Apparently it's doable. I found this company online that provides professional equipment for setting up a screen of fog for projections:

http://www.fogscreen.com/

Can't speak to their quality or reliability since I've not dealt with them. On the home haunter level, your biggest issue will be keeping the fog in one place long enough for a projection to be seen effectively. Unsuitable weather conditions can wreak havoc with use of fog for any purpose.

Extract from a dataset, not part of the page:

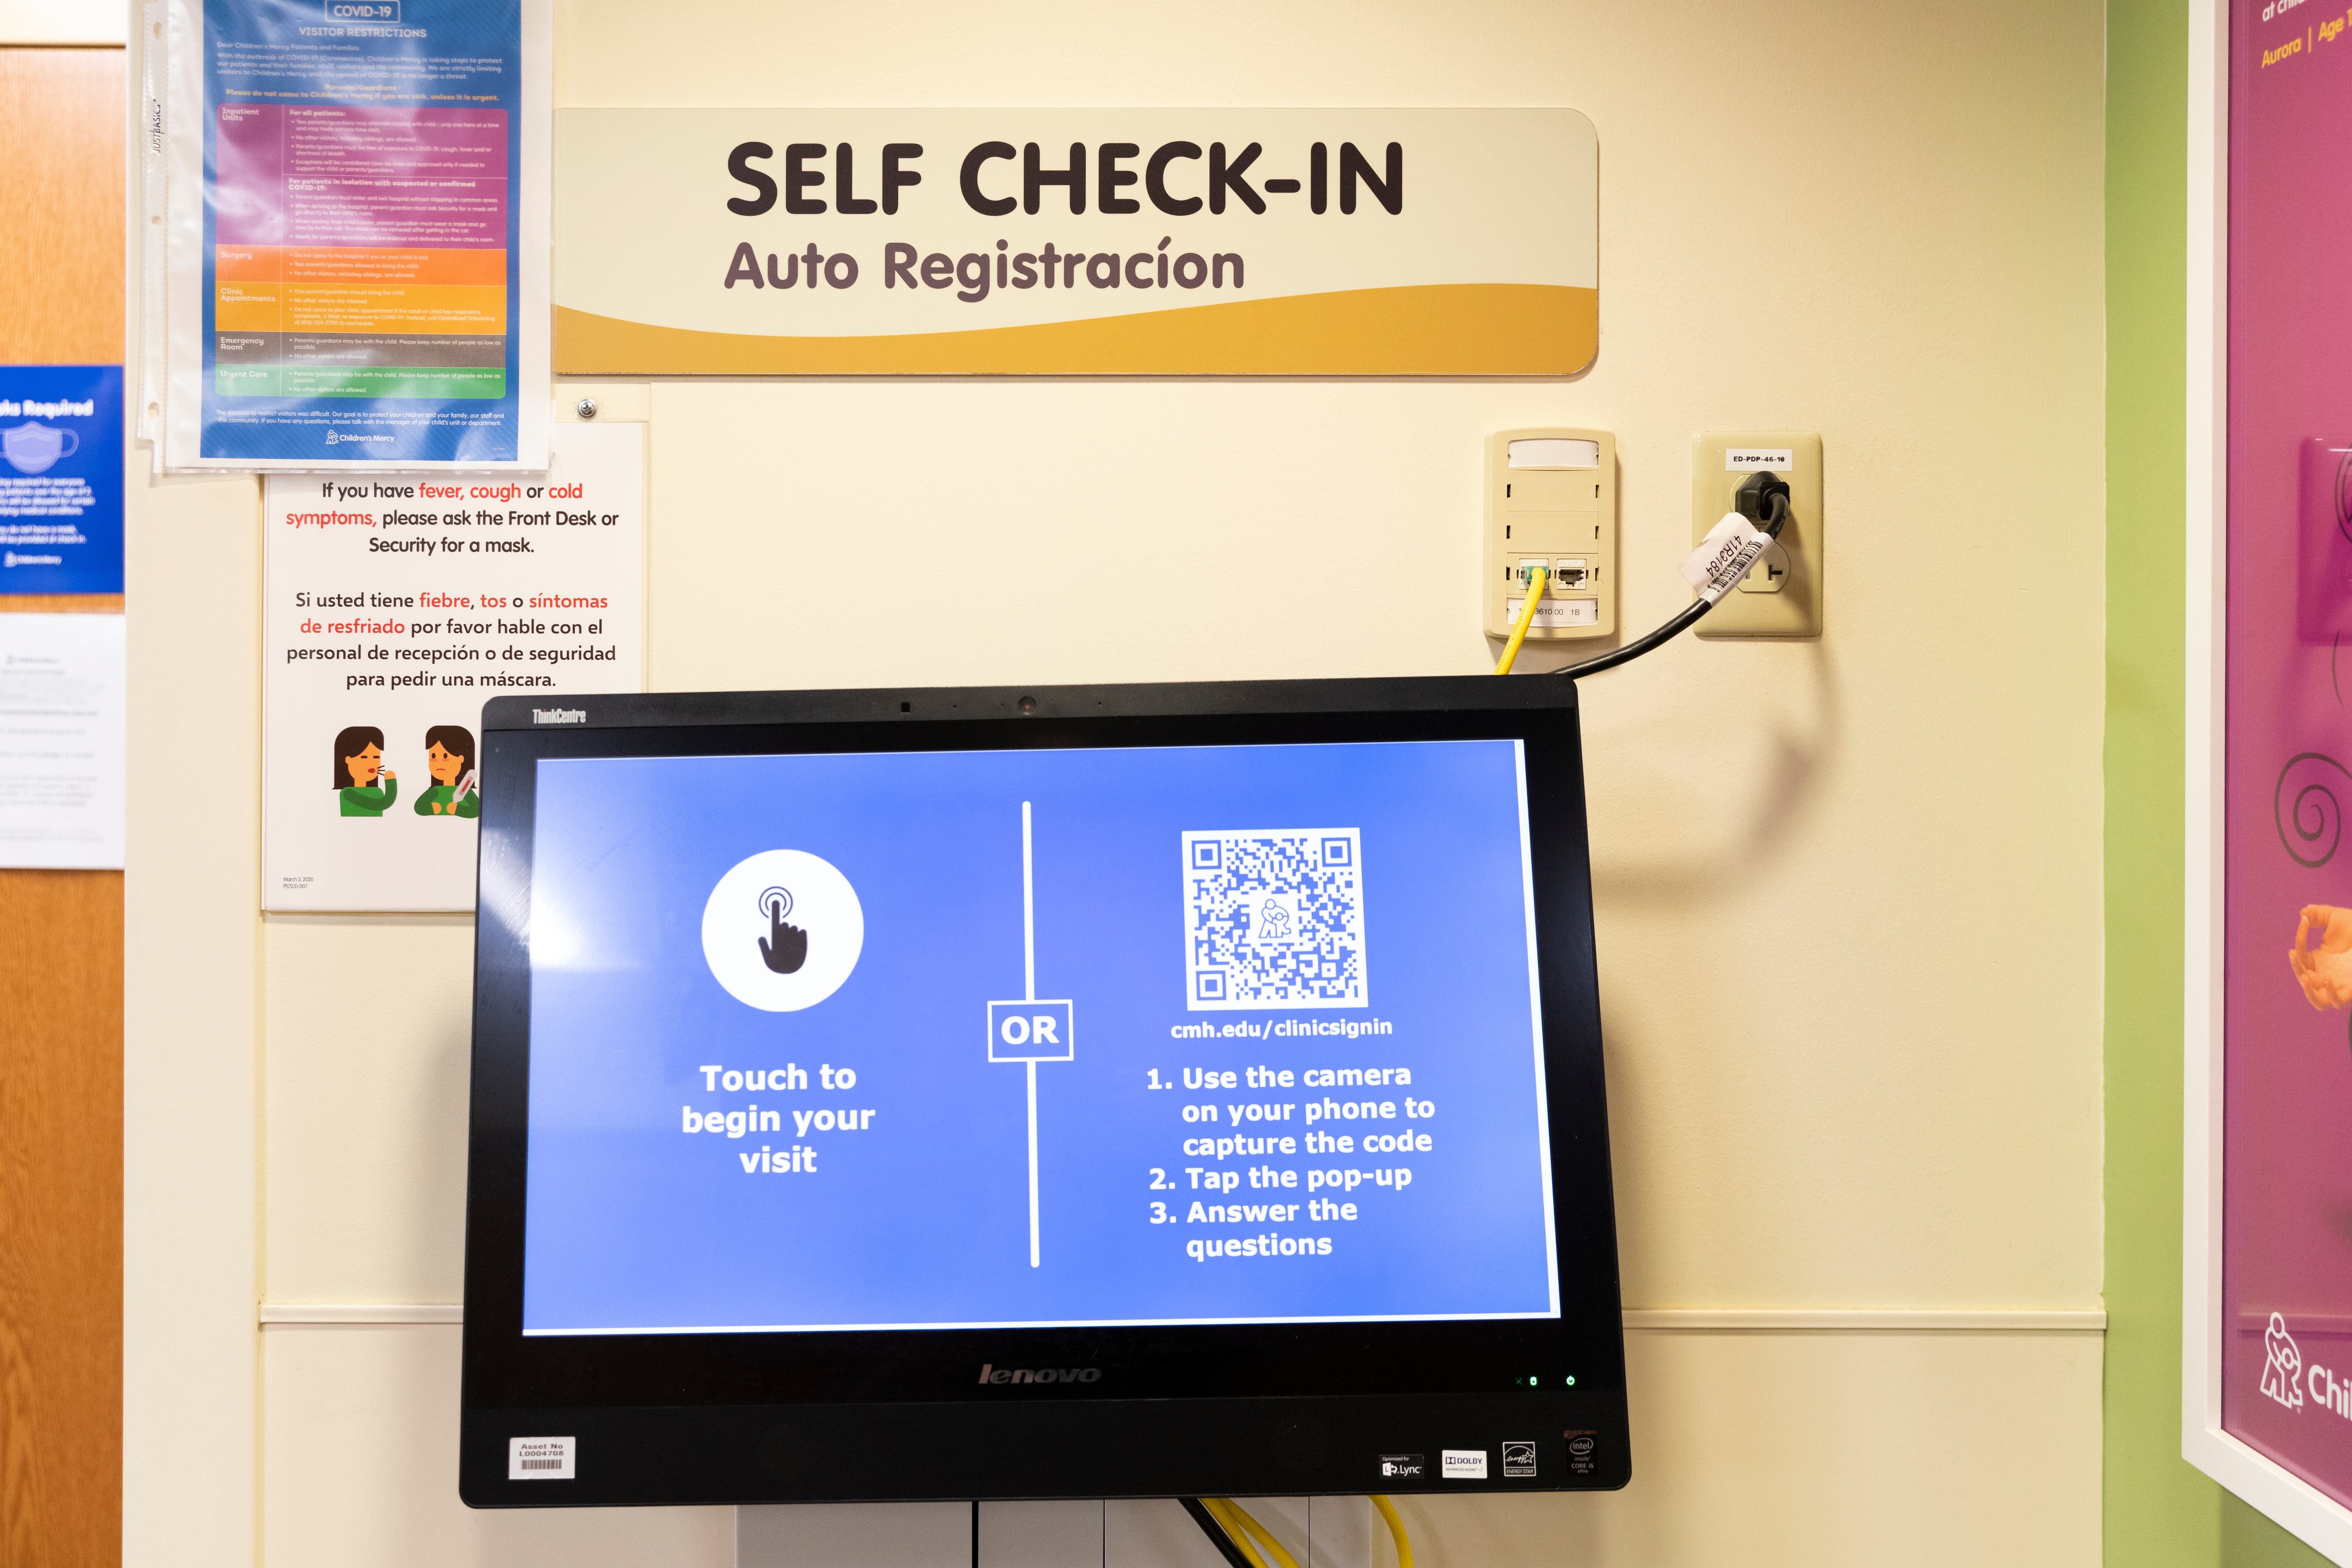 A self check-in station allows families to check in via touchscreen.

Also found a blog for someone who attempted to build a system from scratch:

http://www.finkbuilt.com/blog/diy-fog-screen/


----------



## The-Haunter

I built a fog wall system for a Halloween wedding I did a couple years ago was just a PVC tube with a slit cut in it filled with frozen water bottles suspended above. Think there is pics on my wedding website look under w.e.d Michigan on google and it should come up any questions just let me know and I'll try my best to answer


----------



## The-Haunter

Website is www.wedmi.com


----------



## MapThePlanet

I tried it a few years back. Never had really good luck with it. Always had an issue with wind. The slightest breeze and it messes things up. Had an issue condensation as well in the tube and it would drip water out the holes (I didn't do a slit). It needed to be pretty dense and very consistent for a projection to look correct on it, so I felt defeated and went a different route....I built a frame work for a rear projector, pretty basic square shape, the front (facing the people) was black scrim material, the a white sheet behind it. the projected image hits the white fist for a good reflection the goes through the black for a better contrast.


----------



## pyro jerry

*Fog screen*

The Disney fog screen uses high pressure liquid nitrogen instead of a fog machine.


----------



## LittleBlueBMW

I swear it smells like fog juice in pirates near that screen effect but having worked with Liquid Nitrogen, I can see that too.


----------



## Troll Wizard

I've used something similar but it was with floating heads talking! It worked really well with a globe or something close to that!


----------



## R. Lamb

I have worked with this and it can be done but, to really make it work you have to keep it small. Unless, of course you are Disney.


----------



## typoagain

I thought about trying to project flames on fog. Has anyone tried that?


----------



## Tai95

I think you would need a rather large fog machine and full cooperation from the weather to pull this off. On the other hand I have been to some clubs where they use haze machines and those things can fill a place with smoke thick enough to set off fire alarms.
Something like this may work.


----------